I vividly remember the responses from my critique group of young adult and middle grade authors when we met to discuss the opening of the my newest project. We met via Zoom, because pandemic, and so all their faces were aligned on screen with more or less the same expression: incredulity at the blatant disregard for every bit of received wisdom that my opening showed, and incredulity at the fact that somehow . . . it worked.

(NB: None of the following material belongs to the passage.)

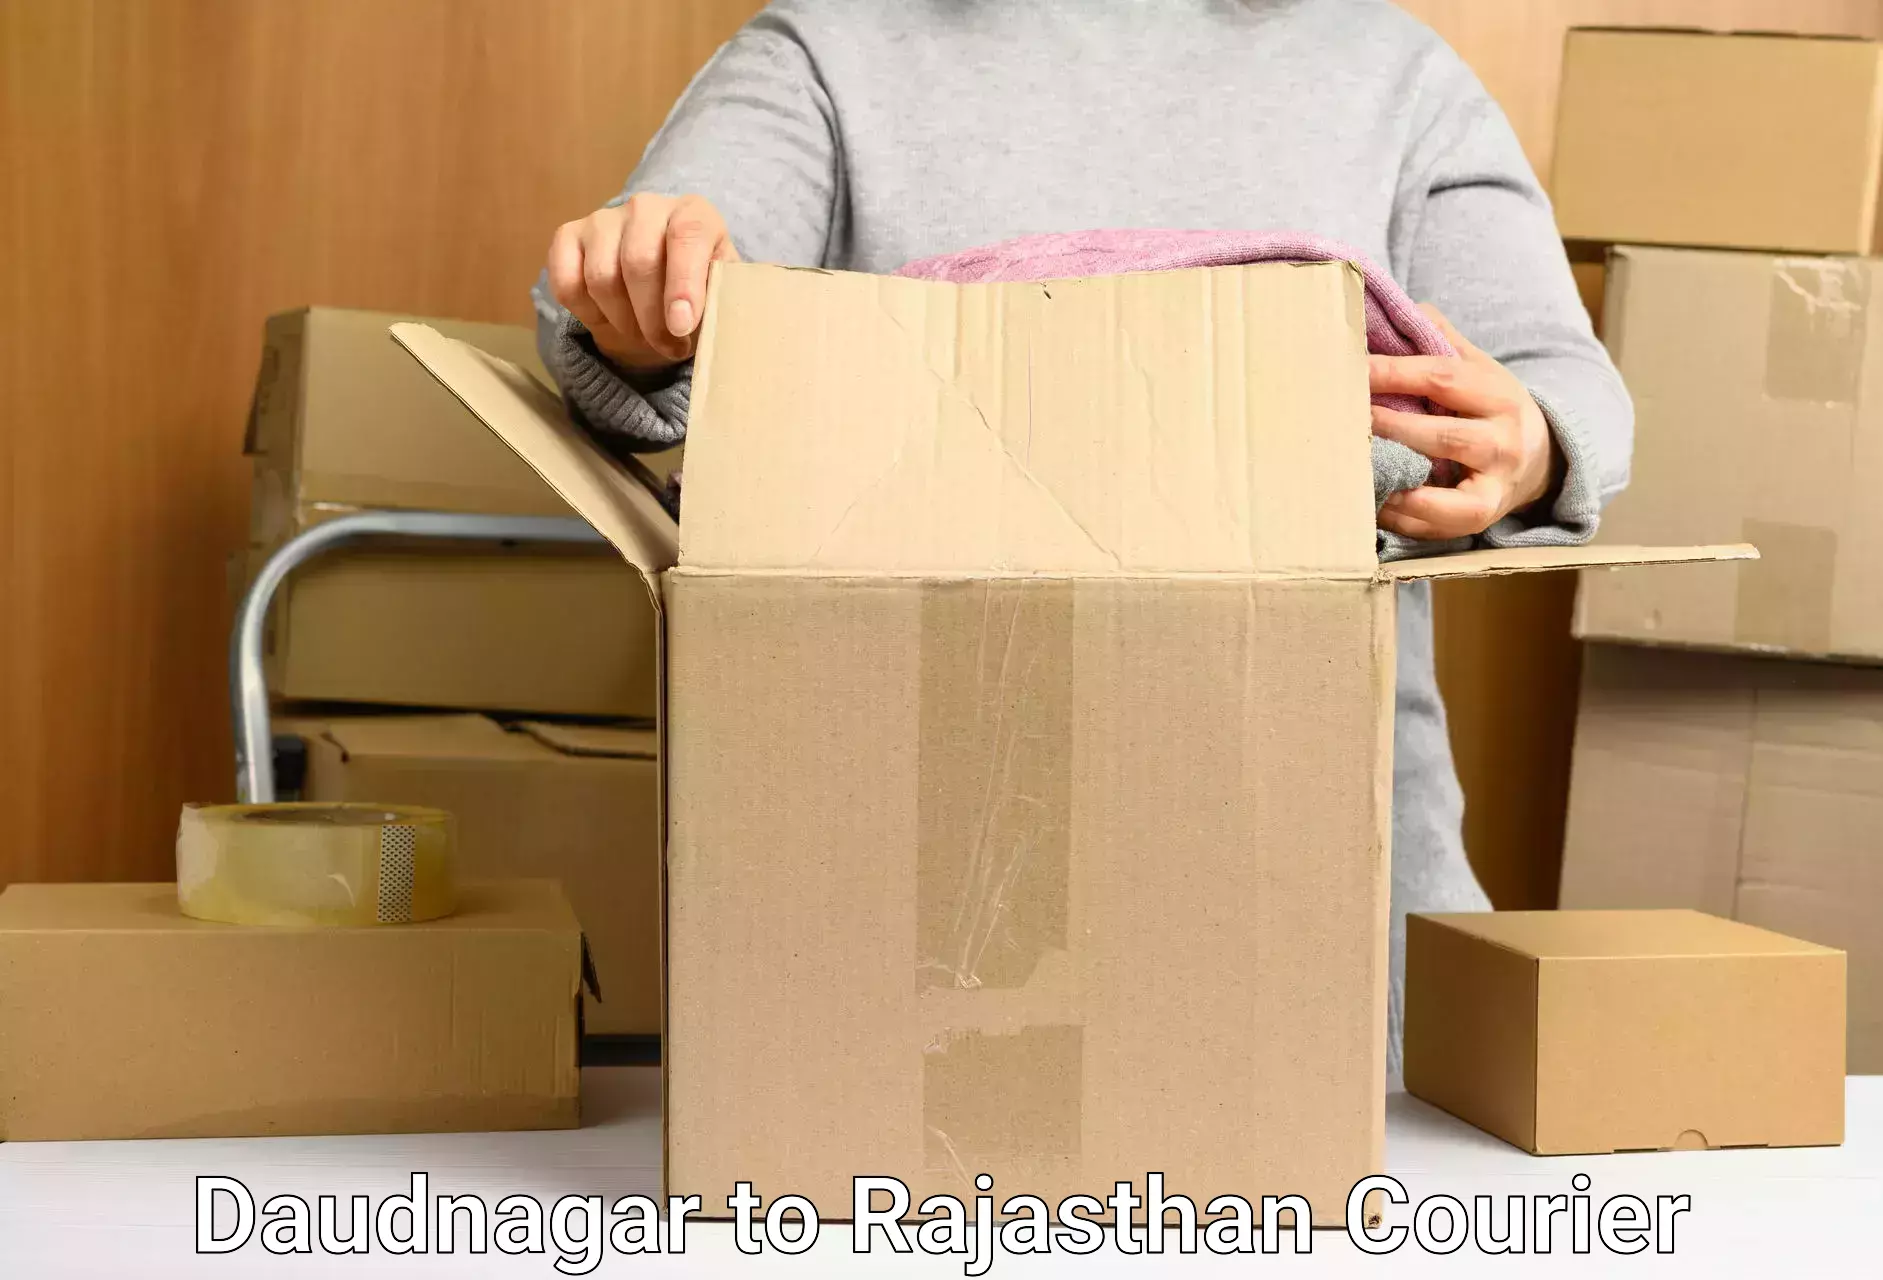 Specialized courier services in Daudnagar to Rajasthan

When you go to writers conferences and attend an agent or editor panel, sooner or later the topic of prologues seems to come up, and when it does, every publishing professional rolls their eyes heavenward, throws their arms up, and says not to use one. They’re never as interesting as the book. Or they’re misleading, creating artificial interest that will immediately be discarded in Chapter One. Or they’re evidence that the writer started their manuscript in the wrong place. And that’s just talking about prologues in general, not in kidlit, where we’re further told to assume a reader has a short attention span, and that you’d better get to the point fast.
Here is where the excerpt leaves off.